_WORK ITEM:_ Could you write out the listing below exactly as it stands, leaving out the pictures?

_DATA SEGMENT:_
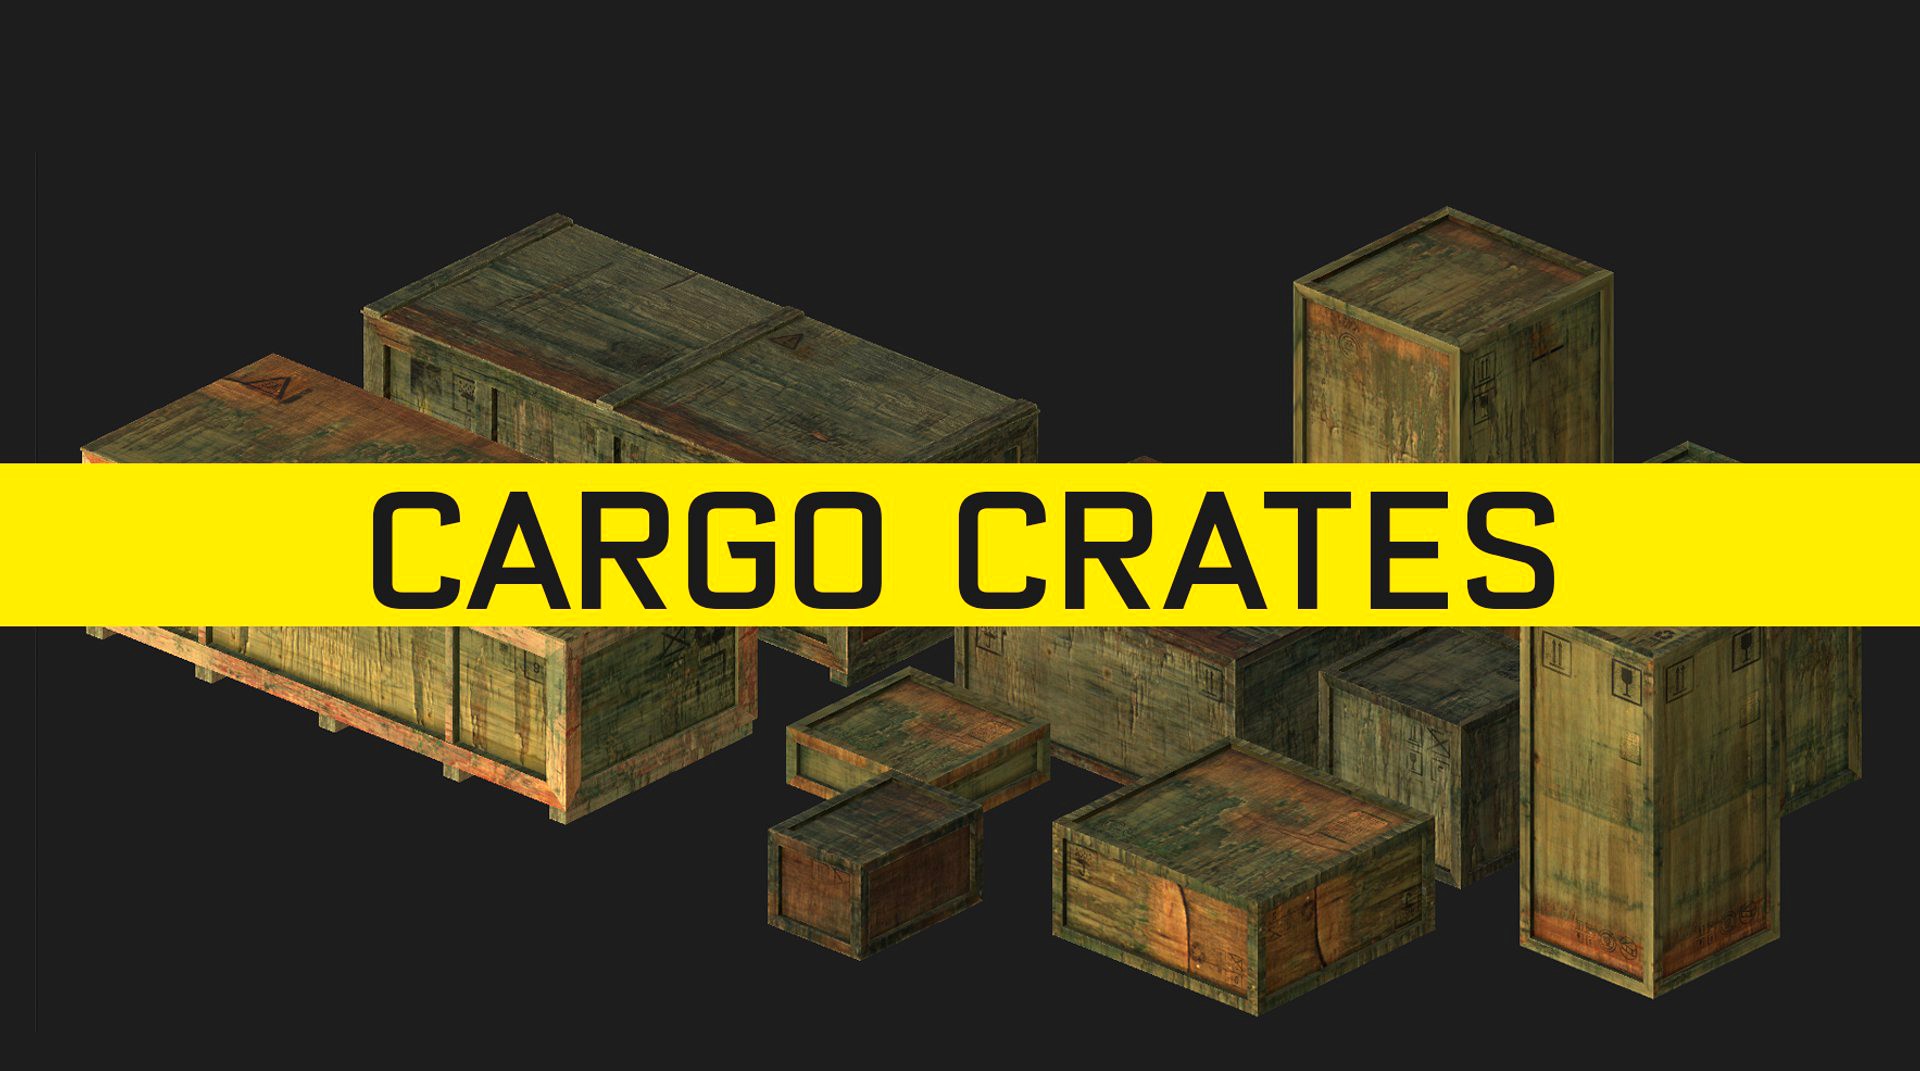 Cargo crate
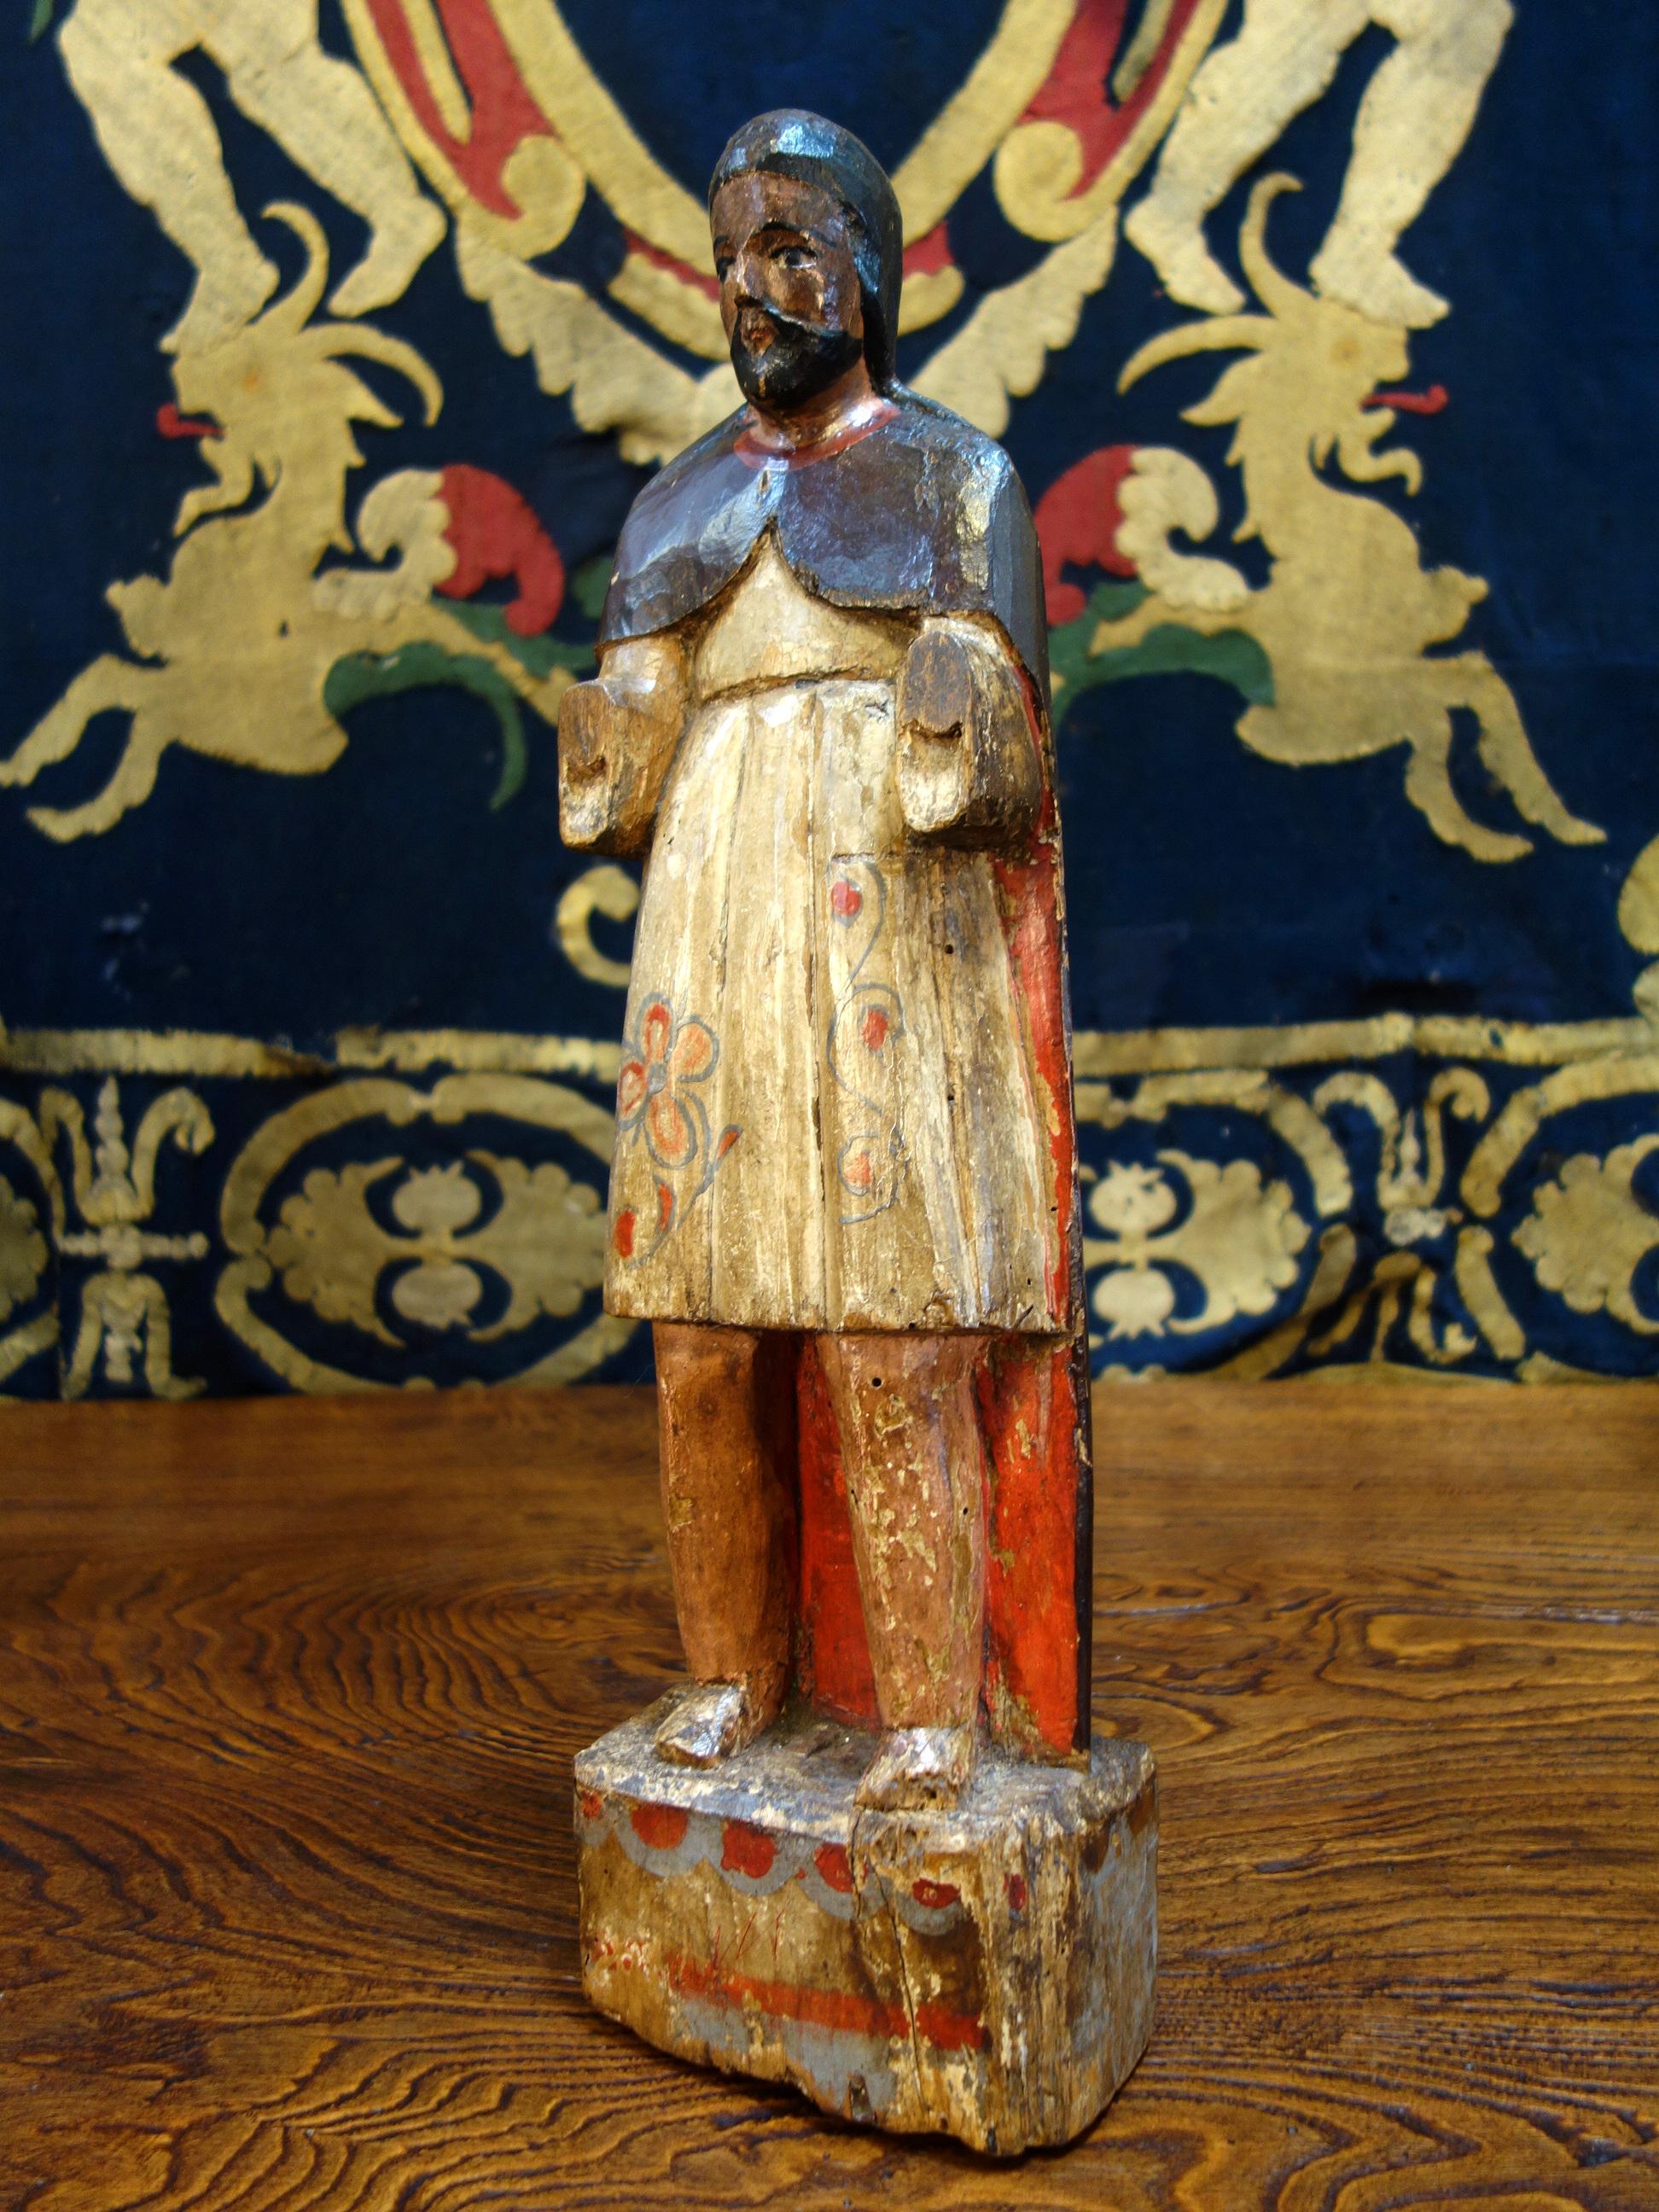 Italienische handgeschnitzte und bemalte primitive männliche Santos-Holzskulptur aus dem 19. Jahrhundert, um 1840.

Maße: 22,2

_SOLUTION TO THIS EXERCISE:_
 Cargo crate
 Italienische handgeschnitzte und bemalte primitive männliche Santos-Holzskulptur aus dem 19. Jahrhundert, um 1840.

Maße: 22,2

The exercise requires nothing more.